But freezing, starving people are deficient in needs #1 and #2, and until those needs are met, the special, need #3/#4 nature of the hand-knit object given to try to meet needs #1 and #2 may not come into focus for the recipient. So the store-bought blanket (and the more, the better) might do just as well.

Certainly all of the charity knit projects do good work, and are deserving of support. I'm only trying to articulate some thoughts about these charity projects that, now that I have mulled it over a bit, may help me to decide which ones I personally will support, and which ones I will support with money and which ones I will support with hand-knits. You, of course, may do the same for yourself.

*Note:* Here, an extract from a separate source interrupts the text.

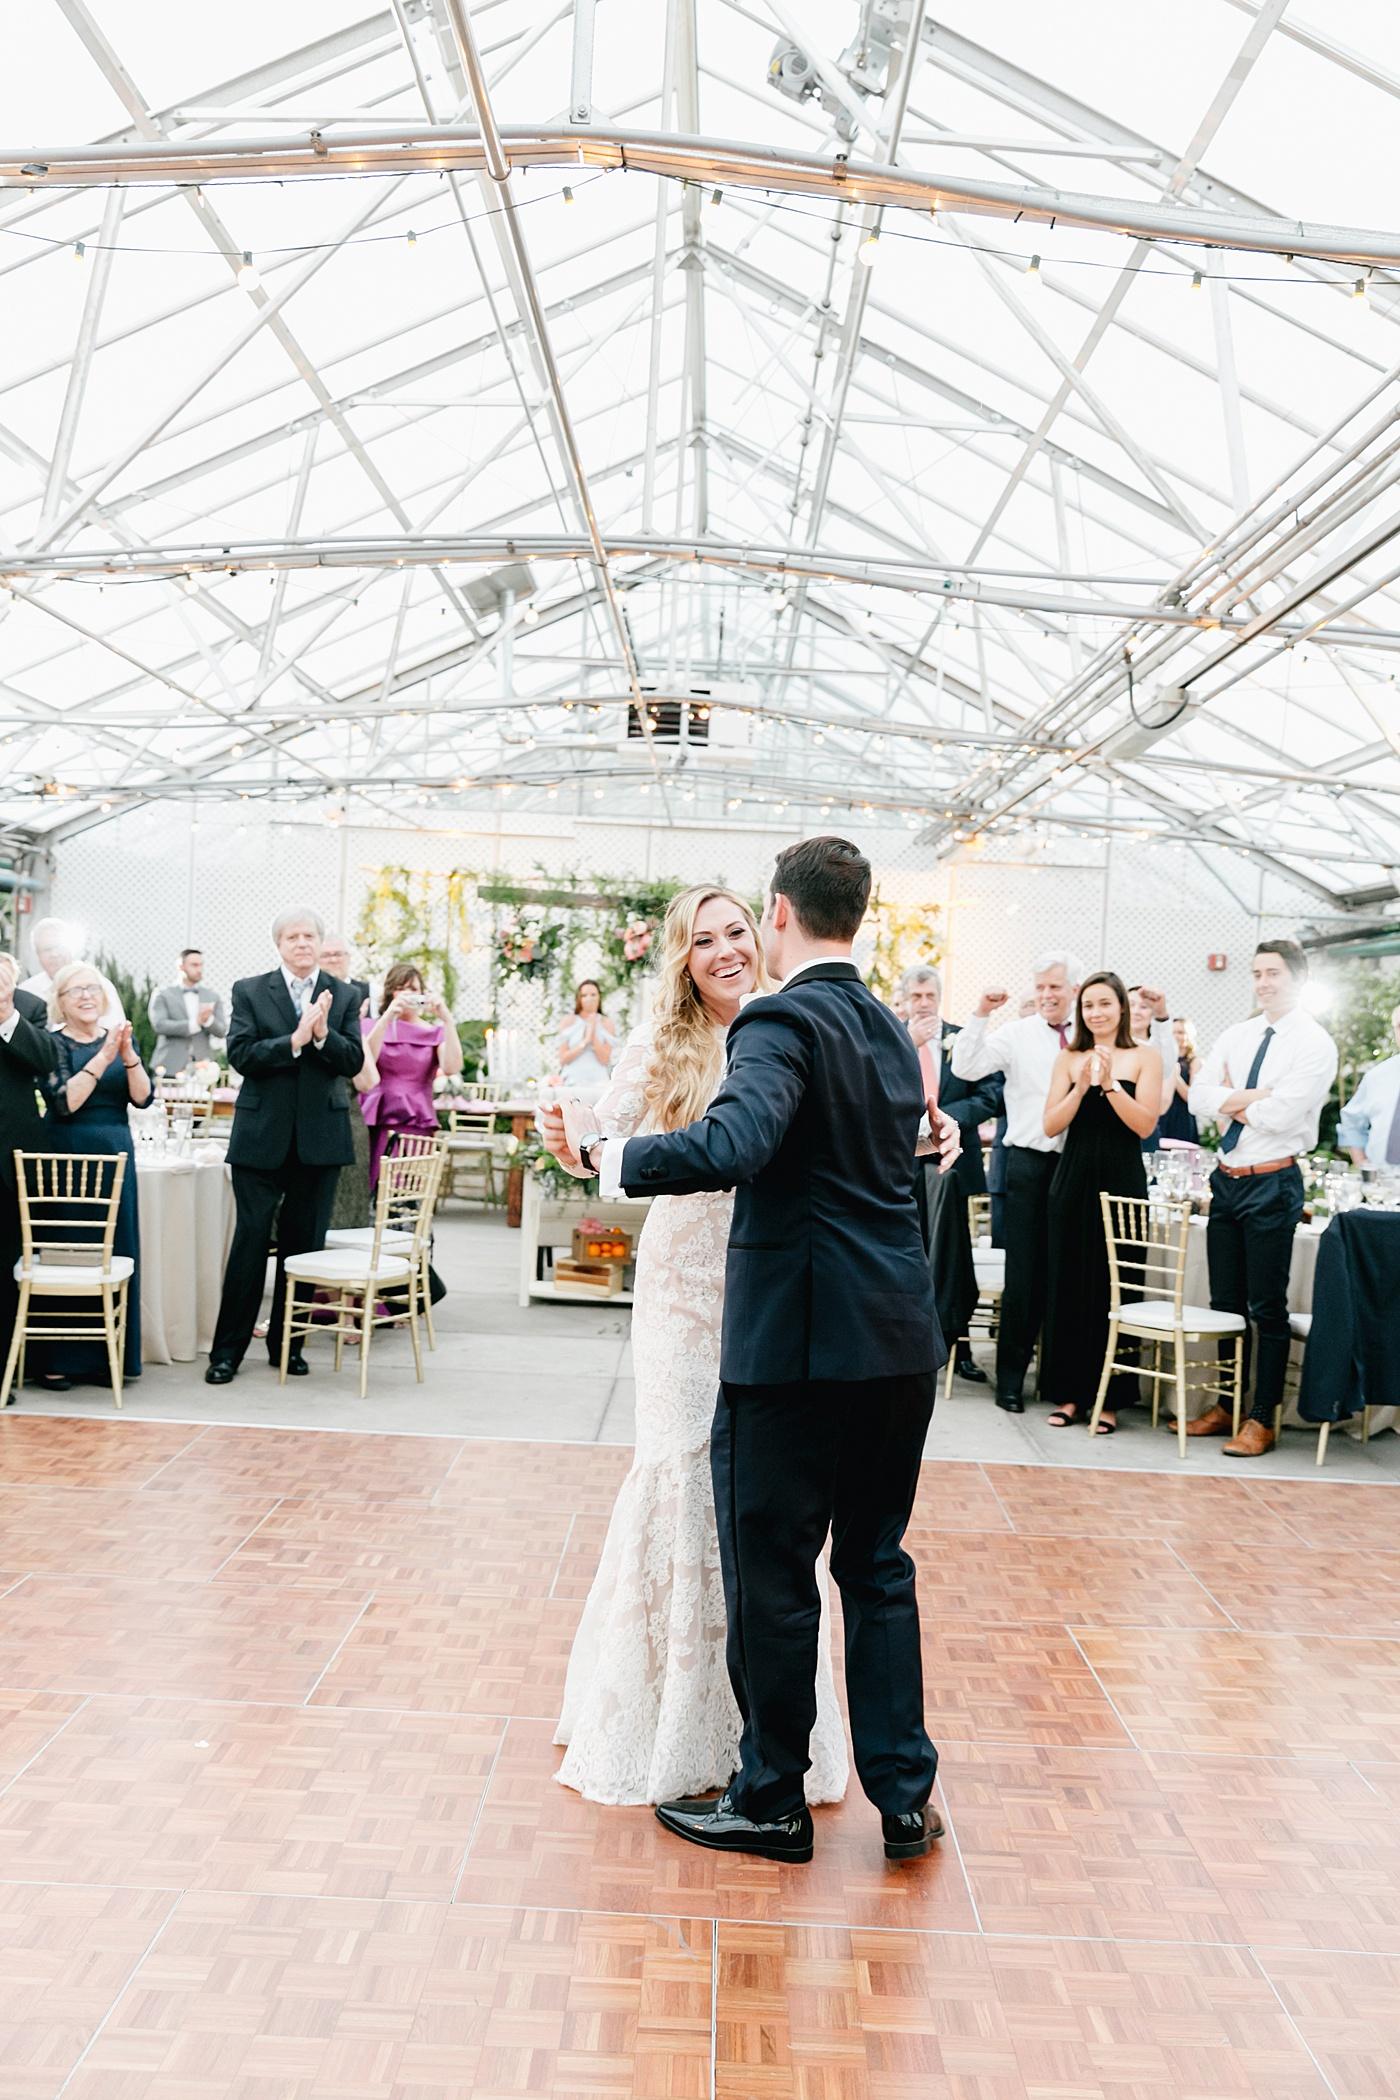 Horticulture Center Wedding, Philadelphia, Blush Watercolor, Rustic Chic

  • I think you've summed it up pretty well. One of the main things I will say for projects like Dulaan and Afghans for Afghans is that they require 100% wool items, which are pretty hard to find where I shop (granted, I live in Texas...). But yeah, having handknitters fill that gap doesn't seem like the most efficient way to go about doing things.

    On the sock, dude I can totally relate. I'd say do a few inches of the cuff and then start something a little more fun, but add to the other sock every once in a while. The sock pattern looks lovely but yeah, I can see it getting dull. Especially knitting it for big man feet.

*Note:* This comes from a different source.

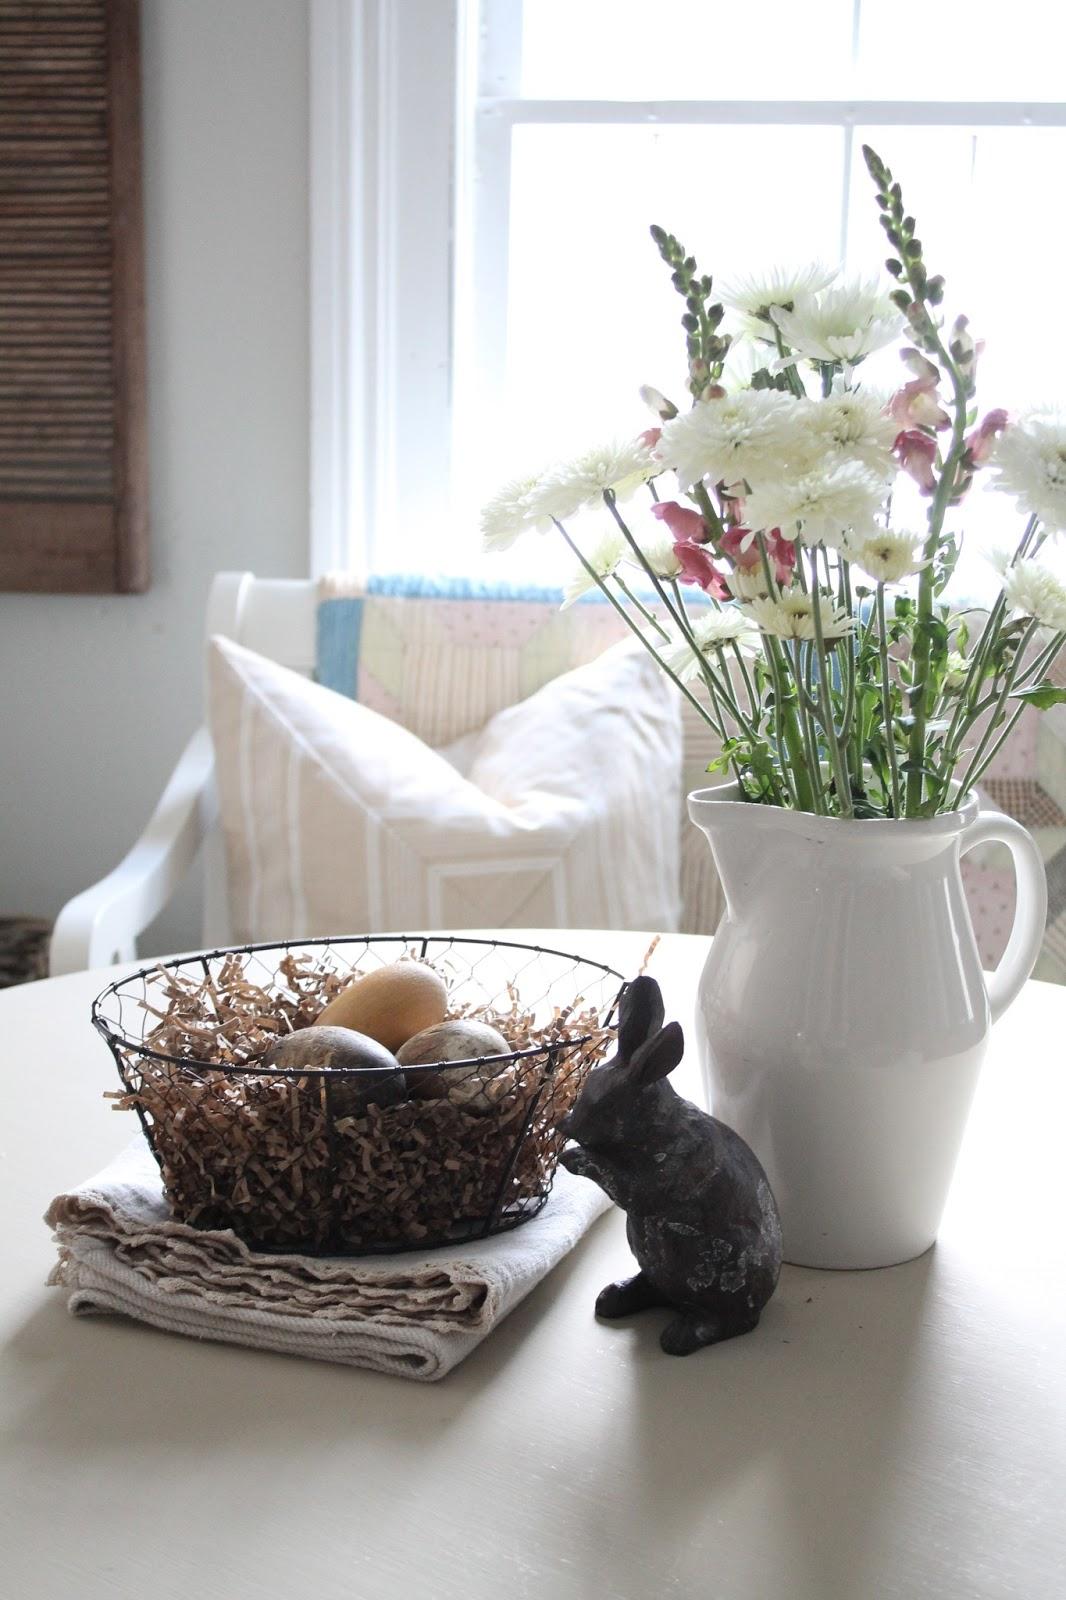 FARMHOUSE 5540 Spring Decorating

    By Blogger Liz, at Sunday, September 24, 2006 5:54:00 PM  

  • Ann,

    You have a nice mix of sensibility and compassion. That's a good thing.


    By Blogger Angela, at Monday, September 25, 2006 4:01:00 AM  

  • Thanks for the link to your blog, Ann. I think that some people enjoy knitting so much, and (this is kind of hard for me to imagine) have more time to knit than they have people to give things to. So giving items to others who need them is a useful way for them to partake of the pleasure of knitting, and then find good uses for the goods. In other words, I think the analysis has to take into account that apart from the cost of the yarn vs. the cost of a comparable storebought item, the process of the knitting is important. These folks aren't so much deciding between (a) buying a sweater to donate or (b) buying yarn to make a sweater. They've already decided they're going to buy the yarn.

    I do hope you don't get bashed for writing about this topic. I find a lot of hostility toward any discussion of charity knitting that isn't all hearts and sunshine. Even a pragmatic and compassionate one like yours.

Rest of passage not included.